Now, we'll return to respirators. Traditional respirators do a great job of filtering. In an industrial application where you're dealing with dust, oils, or aerosols, nanotechnology is not so much needed because your concern is blocking those particles — you are not concerned about transfer of any type of harmful viruses or bacteria. So from an industrial side, microtechnology works great.

But when you're looking for the next stage or the evolution of respiratory protection, you're looking for not only what blocks or filters those contaminants, but also what kills the particles that are blocked on the face of that mask. Respirators that utilize nanotech provide this level of protection, one that has not been offered previously.

Using nanotechnology first developed by NASA, the protective mask utilizes a proprietary nanocoating technology on the outermost layer that not only traps viruses, bacteria, and fungi, but also effectively breaks them down on the cellular level, rendering them harmless.

Independent laboratory test results confirm the antimicrobial properties of the mask are significantly effective in neutralizing the common cold, tuberculosis, MRSA, and H5N1 avian flu, which is more deadly than the current H1N1 virus strain. The mask goes beyond filtration by neutralizing and destroying these microbes, making them harmless to the environment and breaking the transmission cycle.

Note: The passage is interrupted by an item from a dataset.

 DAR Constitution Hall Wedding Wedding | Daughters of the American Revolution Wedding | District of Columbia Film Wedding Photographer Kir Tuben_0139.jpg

This new level of respiratory protection incorporating nanotechnology has been presented to a worldwide audience, including:

  • World Health Organization (Geneva, Switzerland, 2007)
  • NIOSH (Pennsylvania, 2008)
  • Food and Drug Administration (Maryland, 2008)
  • International Air Travel Association (Montreal, 2008)
  • International Red Cross (Spain, 2008)
  • U.S. Pandemic Committee, HHS (Washington, D.C., 2009)
  • U.S. Department of Homeland Security (Washington, D.C., 2009)
  • U.S. Department of Defense (Washington, D.C., 2009)
Tommy Thompson, former U.S. secretary of Health and Human Services in Washington, endorses the mask, which offers bi-directional protection with seven-layer construction (versus the three-layer industry standard for respirators), including an active charcoal filter that disables viruses at the cellular level, repels airborne moisture, and filters fine particles, blood, bacteria, and viruses. The mask also offers two-way protection, both for the wearer who might be infected and thus containing a virus so the family is not infected and for co-workers protecting themselves from an infected individual. Bi-directional protection shields the wearer from contracting or spreading a virus up to 24 hours, which is extremely valuable during a pandemic situation.

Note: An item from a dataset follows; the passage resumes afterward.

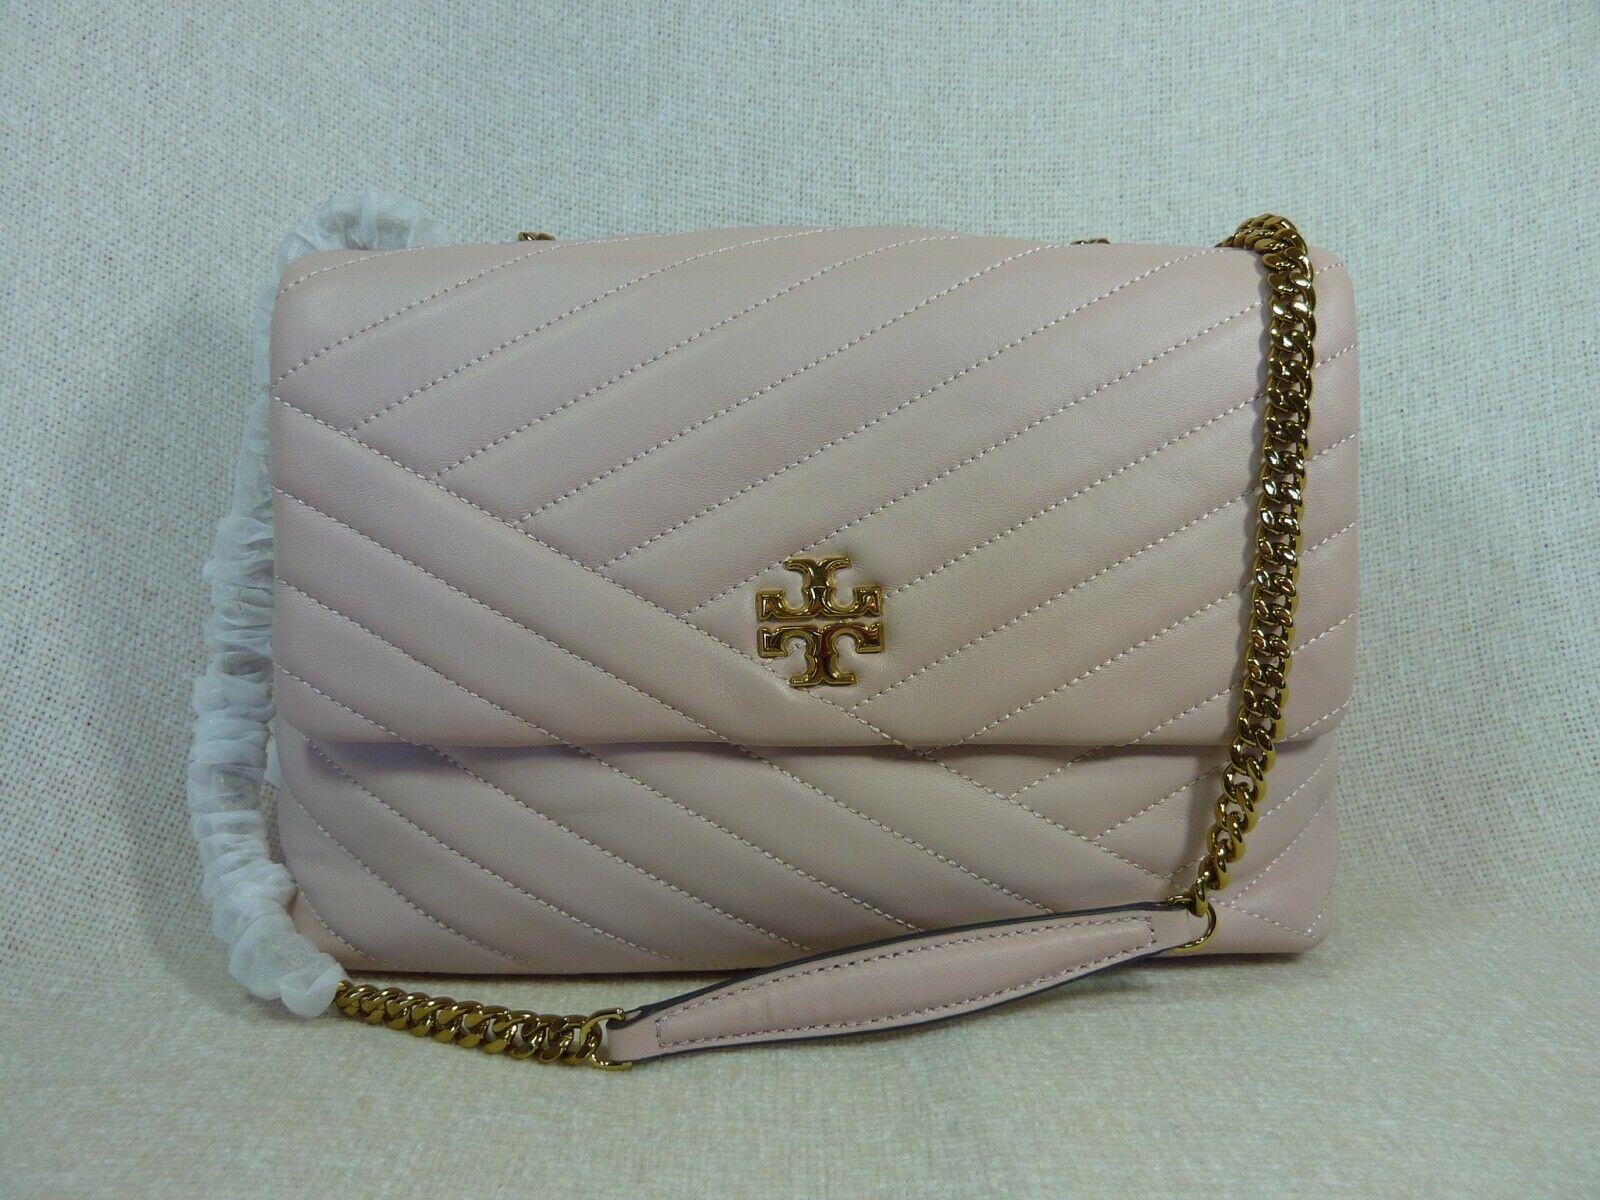 NWT Tory Burch Pink Moon Kira Chevron Convertible Shoulder Bag $528 image 4

As HHS secretary, "my focus then was on pharmaceuticals interventions, as well," Thompson said. "But with better understanding of proper respirator use and the correct way to use them, coupled with technological advances, respirators should now be considered as a first line of defense to reduce infection transmission against airborne diseases such as the flu pandemic, complimenting pharmaceuticals intervention."

Next Steps

To date, neither NIOSH nor the FDA has established a test predicate for respirators with nanotechnology, despite the evidence of higher levels of protection. However, test predicates may be on the drawing board for both of them. Items with nanotechnology are on the agenda for the next meeting of the International Safety Equipment Association's Respiratory Protection product group; that meeting will take place in early 2010.

For the future, the best thing is that people are more educated. Hand sanitizers and other sanitary methods are important, but respiratory protection will remain a very important piece of the puzzle. If the swine flu and avian flu mix and mutate, creating something that's easily transferred from person to person and has the deadliness of the avian flu, we have a real problem. Respiratory protection will be increasingly needed in the future as more and more of these mutations occur.

The bottom line is, there are greater protection levels available now than were available in the past. We need to be looking at how we can make those safe and afford users the higher level of protection.

Nanotechnology has grown faster than current test methods to endorse these new capabilities, such as neutralizing and killing bacteria. Nanotechnology will continue changing the performance level of products for years to come.